Data in this exercise:

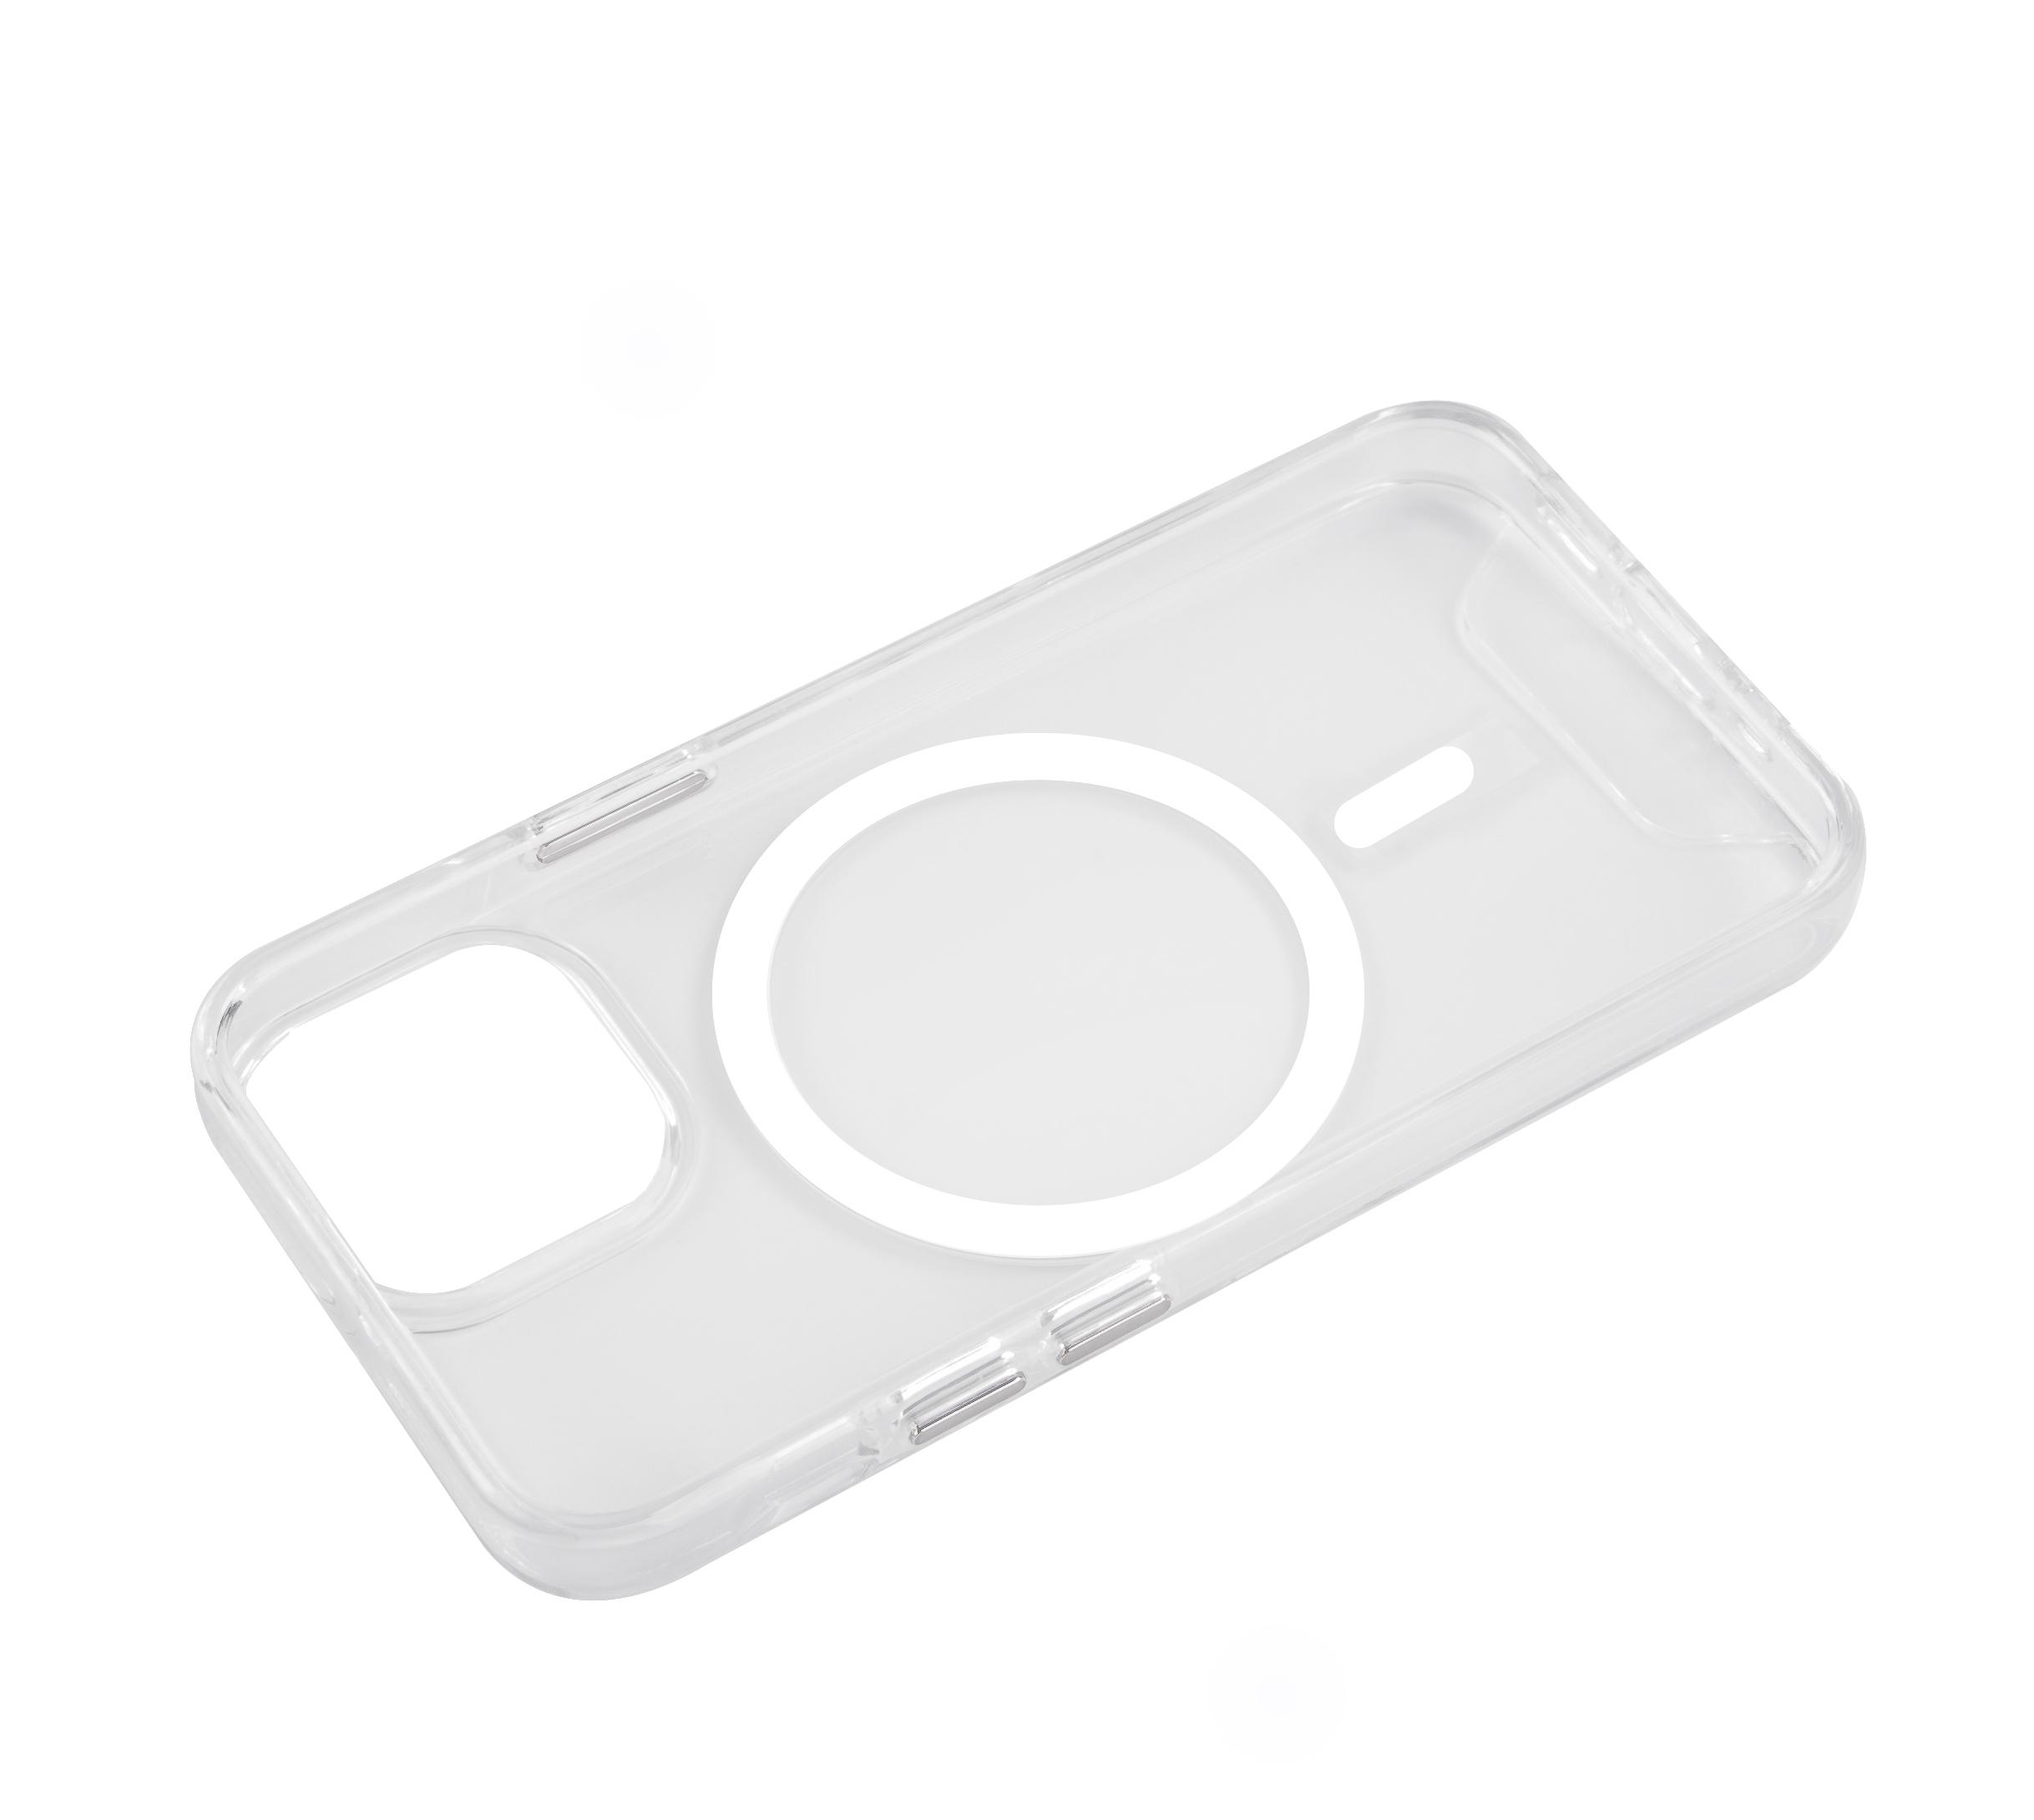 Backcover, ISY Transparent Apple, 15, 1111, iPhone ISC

---

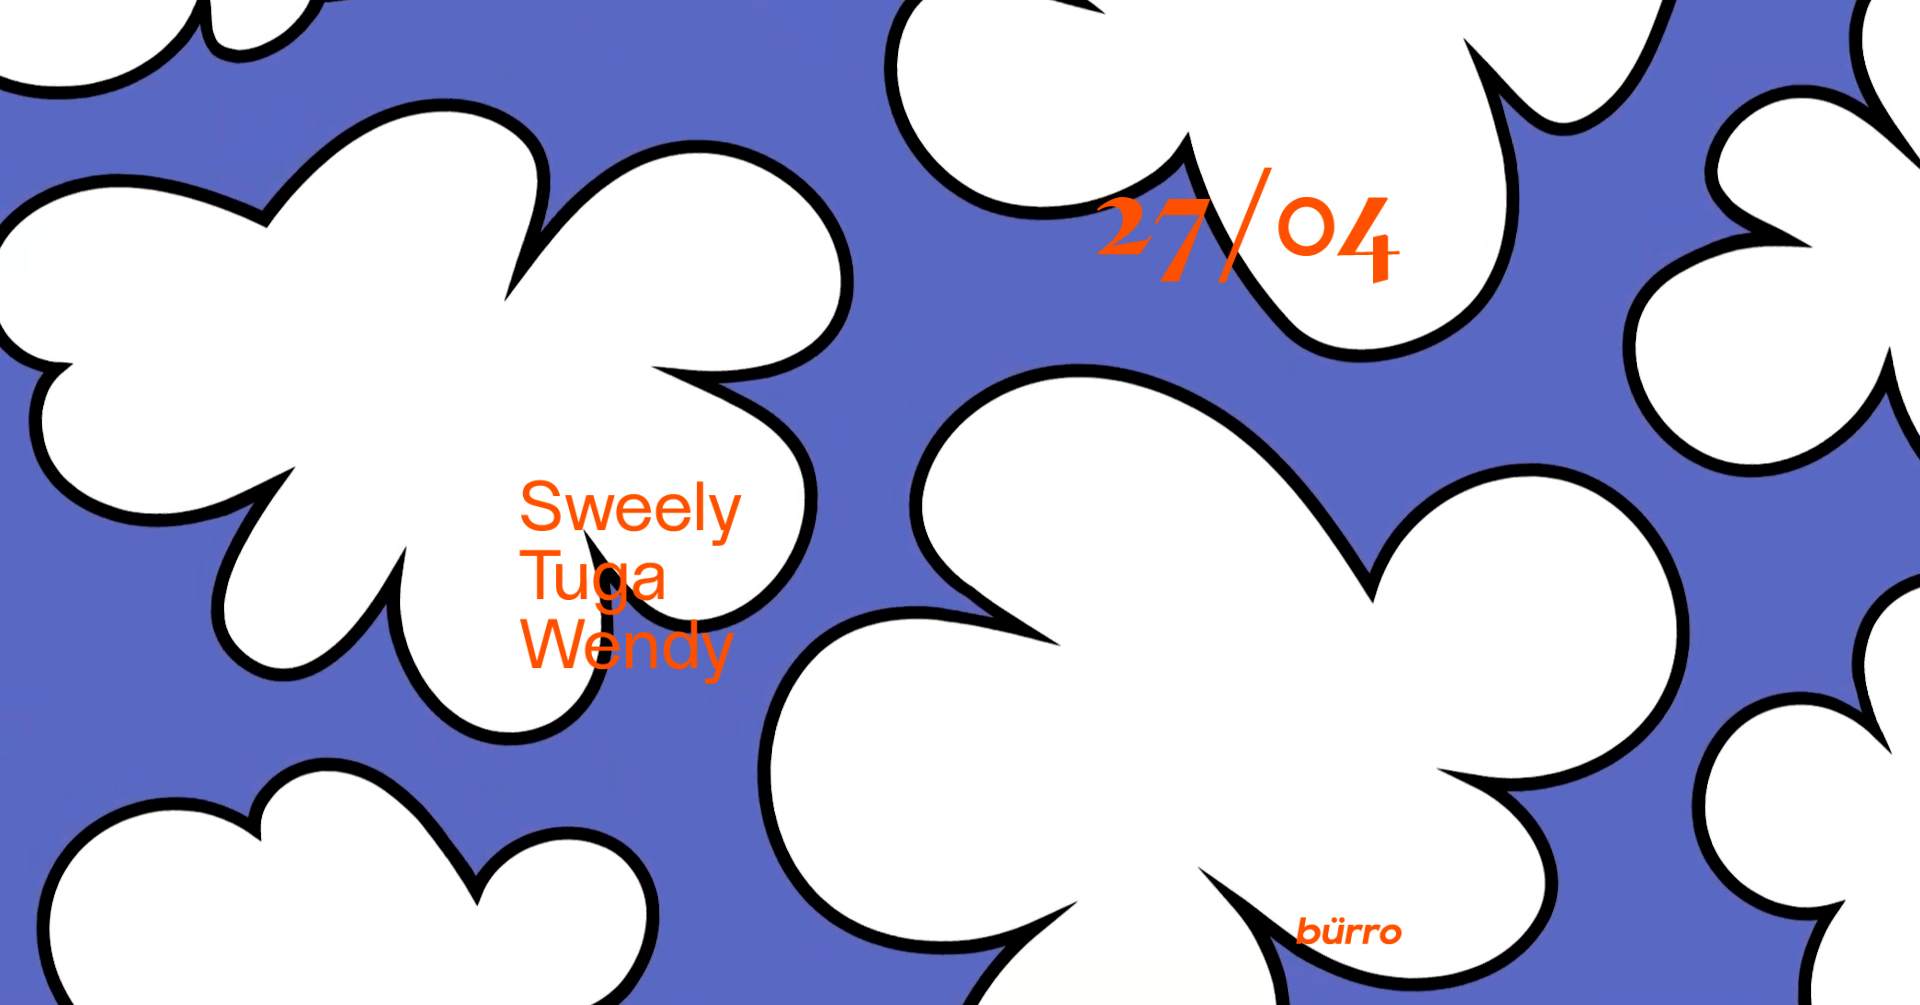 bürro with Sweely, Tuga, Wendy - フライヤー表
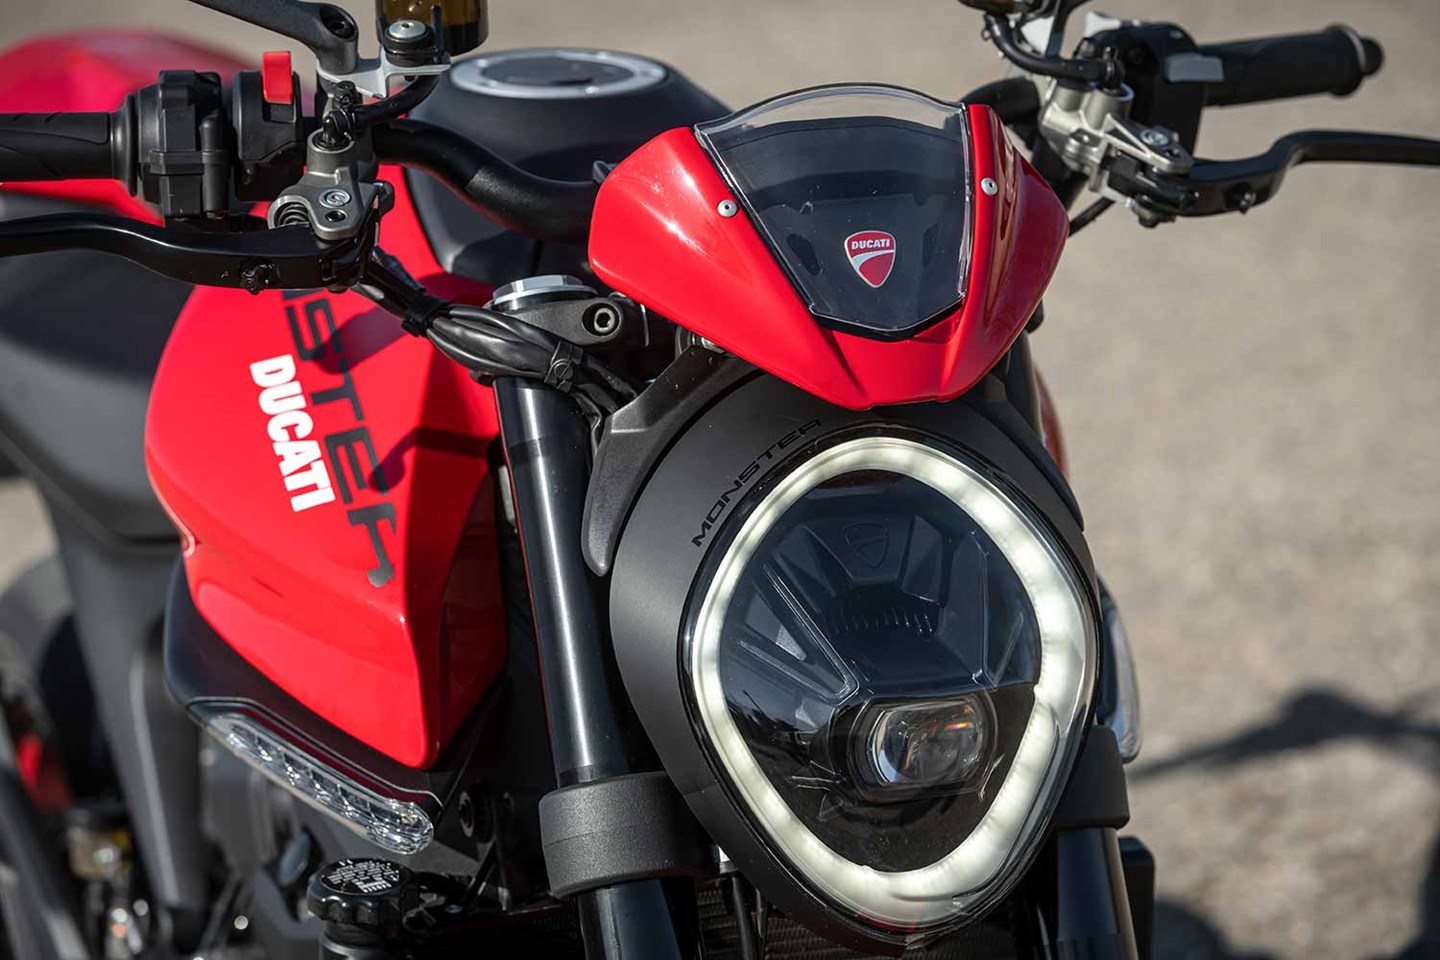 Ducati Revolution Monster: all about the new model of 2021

...

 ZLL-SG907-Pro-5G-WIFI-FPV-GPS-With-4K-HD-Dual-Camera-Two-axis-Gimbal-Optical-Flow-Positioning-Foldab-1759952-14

Work required: All lines above from the one containing "bürro with Sweely, Tuga, Wendy - フライヤー表" up to and including the one containing "Ducati Revolution Monster: all" are to be set down exactly, and nothing else. Leave images out.

Output of the exercise:
 bürro with Sweely, Tuga, Wendy - フライヤー表
 Ducati Revolution Monster: all about the new model of 2021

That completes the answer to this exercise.